Transaction gateway: Authorizations failing
Incident Report for Clearhaus
Postmortem

I am sorry for the transactions your customers could not complete during the time spans our authorization service was not functional. We care a lot to deliver a stable service, and strive to learn from failures like this.

We have investigated the incidents of November 15th together with our partner and would like to let you know what happened and what will be done to prevent similar failures.

Root cause

A missing database commit in one of our partner’s databases had the consequence that, after all pooled database connections were used, no more rows could be added, and authorizations would fail. After a manual failover, the authorization system was again functional. However, the same root cause was present on the backup system; this was the reason for the second incident, which was resolved by restarting the primary system and failing back again.

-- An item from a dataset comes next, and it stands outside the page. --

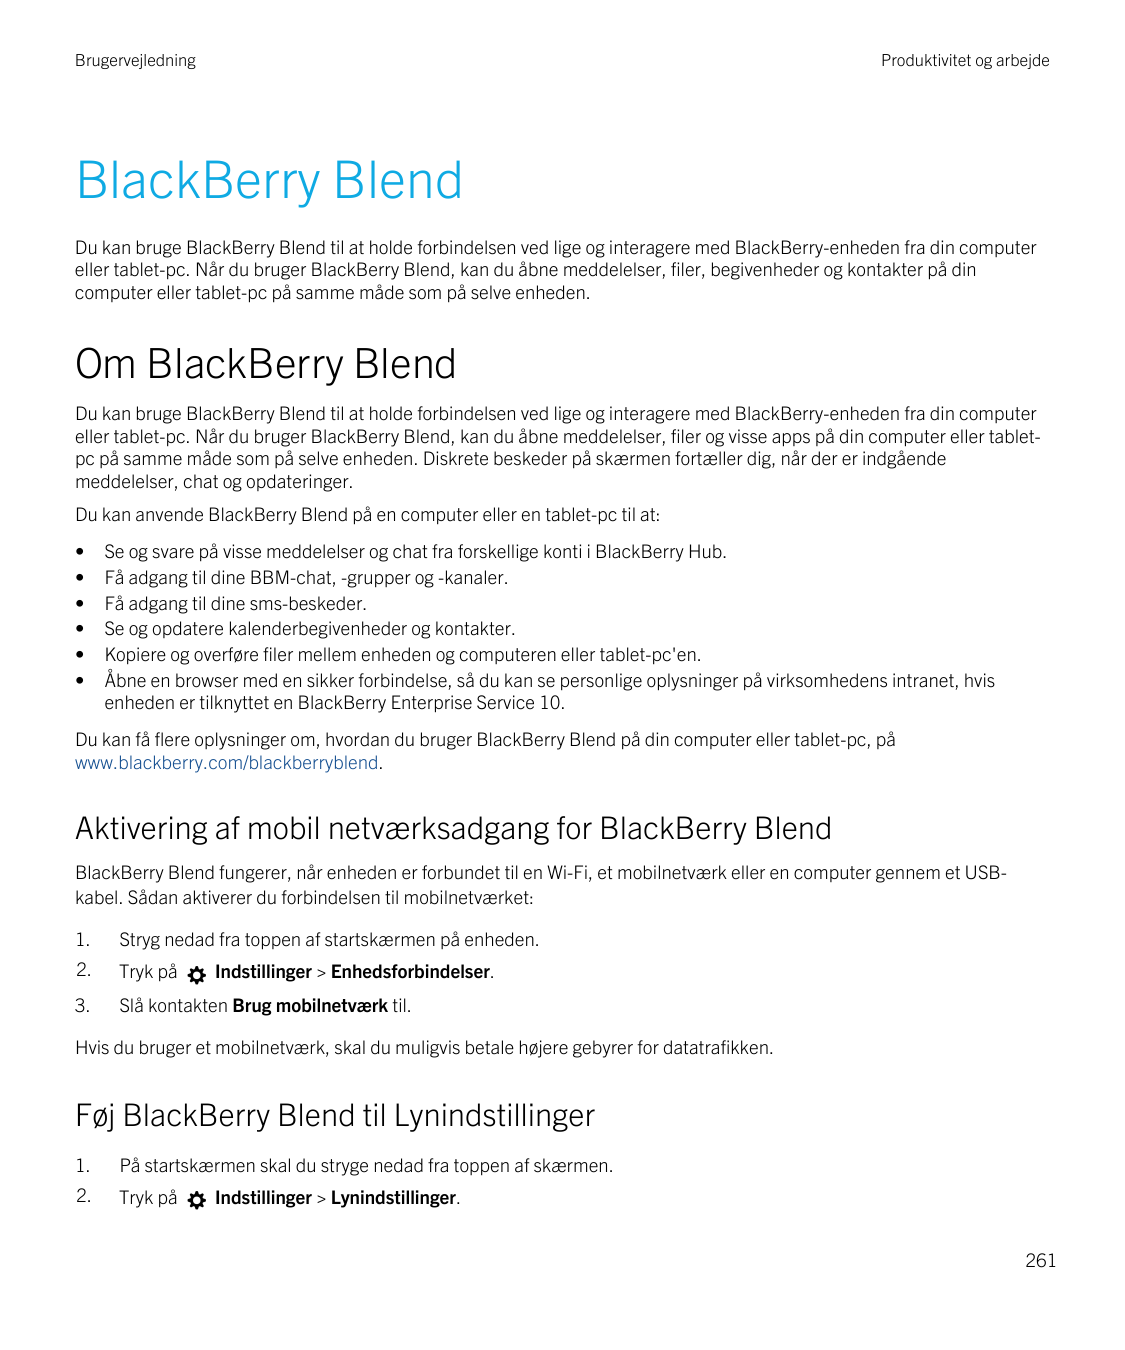 BrugervejledningProduktivitet og arbejdeBlackBerry BlendDu kan bruge BlackBerry Blend til at holde forbindelsen ved lige og inte

Later, during investigation of the incidents, the authorization system was noticed to have heavier load than usual. The investigation of this lead to identify the root cause, the missing database commit, which was then solved.

Future prevention from our partner

Our partner has temporarily put an extra review step in place for changes that could have similar consequences. A long term solution has been planned which involves improving tests run in relation to such database changes.

Improvements by us

It is possible for us to fail over to a completely separate system. This is usually done by our service partner, but can be done by us. Failing over does have some undesirable consequences but we have revised this tradeoff and will actively fail over to the separate system; short term, manually by our 24-7 on-call team; long term, we will work on an automated failover mechanism.

We noticed that our monitoring and alerting is functioning quite well, but we would like to be updating the status page faster to let you know about incidents.

Questions

If you have follow-up questions, please reach out by email (support@clearhaus.com), twitter (https://twitter.com/clearhaus) or even by phone (+45 8282 2200).

Sincerely,

Casper Thomsen, Operations

Update 2016-12-08

The long-term automated fail-over mechanism has been in production for quite some time now, namely since February 25th. It has actually helped us a few times saving transactions, improving our service for the advantage of our merchants. Also, the undesirable consequences has been limited, so the trade-off seems to be right.

Posted Nov 23, 2015 - 15:23 UTC

Resolved
The issue has been resolved by our service partner. We are monitoring this closely for the next hour.
Authorization traffic was failing between 15:24:10 and 15:56:42 UTC.
Posted Nov 15, 2015 - 16:06 UTC
Identified
Authorization traffic leaving Clearhaus towards card schemes is not forwarded by our service partner who has acknowledged the problem and working on a solution.
This incident does not affect capture and refund traffic.
Posted Nov 15, 2015 - 15:44 UTC